A few short hours ago, that would’ve blown his mind. 

He remembered being jumpy.  In the dream, he’d been mostly calm throughout the day, sometimes in stark contrast to what he felt here in the waking world.  He was never attacked by the wardrobe golem.  He never saw the coyote-deer while trying to cross the gut-wrenchingly scary bridge.  Nothing terrifying waited for him between the resort and Altrusk’s house.  He’d even crossed the lake without encountering Furious George.  Dream Eric had been surprisingly lucky.  But whatever he encountered during the part of his dream that he could not quite recall had frightened him as badly as any of the things he’d encountered today and the result was that he was nearly sick with fear as he wandered these dark, deserted chambers in search of the way forward. 

This did not in any way help him feel any calmer now.  If anything, a worried Dream Eric made the situation much worse.  He felt as though he would remember something bad happening any moment, at which point the bad thing would happen here and now, with no time to defend against it. 

Yet as he made his way down the corridor, nothing terrible happened to either Eric. 

Although there were bright lights at both ends of the corridor, he found that very little of it seemed to reach beyond the doorways, so that he found himself illuminating the floor before him with the cell phone’s digital display to ensure against any unforeseen hazards. 

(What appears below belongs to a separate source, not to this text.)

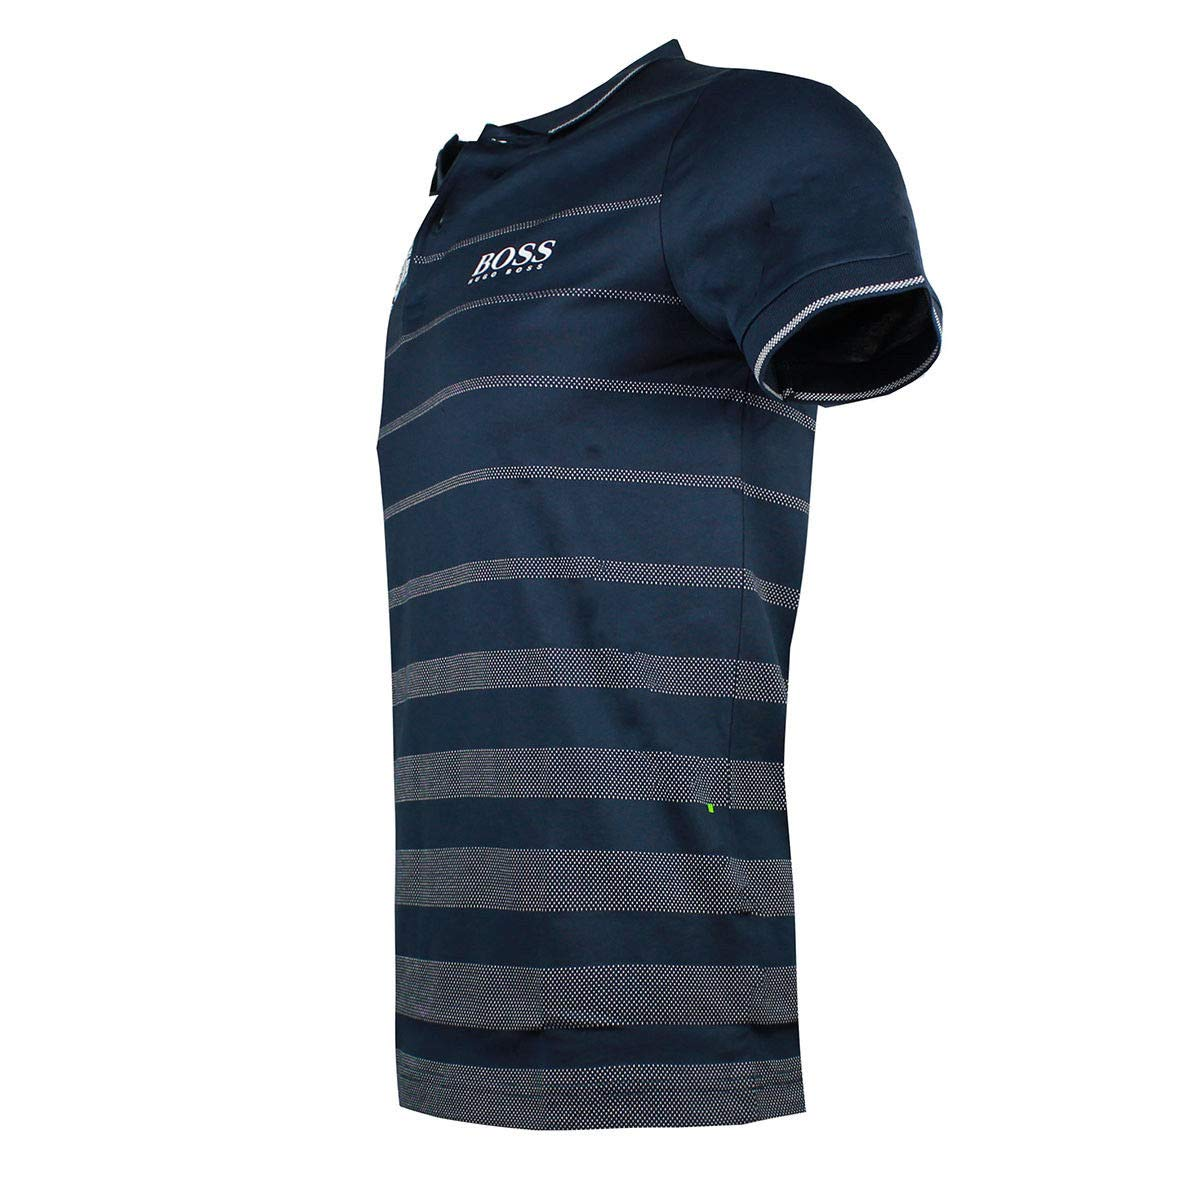 d8be6c638796 Hugo Boss T Shirts Online India - DREAMWORKS

The next room was a great, empty space, likely a large storage area of some kind.  Once upon a time, forklifts probably prowled up and down the corridor, moving things around, keeping the production lines running.  But now the room was empty.  Three men stood in the middle of the room.  Two of them wore hair nets.  One of them was talking, yet he made no sound. 

His phone chimed.

SOMETHING SEEMS WRONG

“No kidding,” he told the phone.

BE CAREFUL.

“I will.”

Dream Eric had wandered around this empty room, exploring, searching for the path that would carry him forward.  Eventually, he made his way to the far corner, where a set of steps led up to the second floor. 

Now, the Eric that was running two days late walked past the three men and headed for the stairs. 

Something felt wrong, but he couldn’t put his finger on it. 

He glanced back one last time at the three men conversing silently in the middle of the room and then ascended the stairs and entered a long, dark hallway. 

In his dream, he peered into each room, probed it with the light from his phone and moved on.  Now he used the returning memory of the dream to avoid these rooms.  He was not at all eager to step through a door and find himself face-to-horrible-face with another golem. 

And if he were to be completely honest with himself, this seemed like the perfect place for a golem, as far from any of the outer doors as possible, completely lacking in places to run and hide, plenty of dead ends in which he could find himself cornered.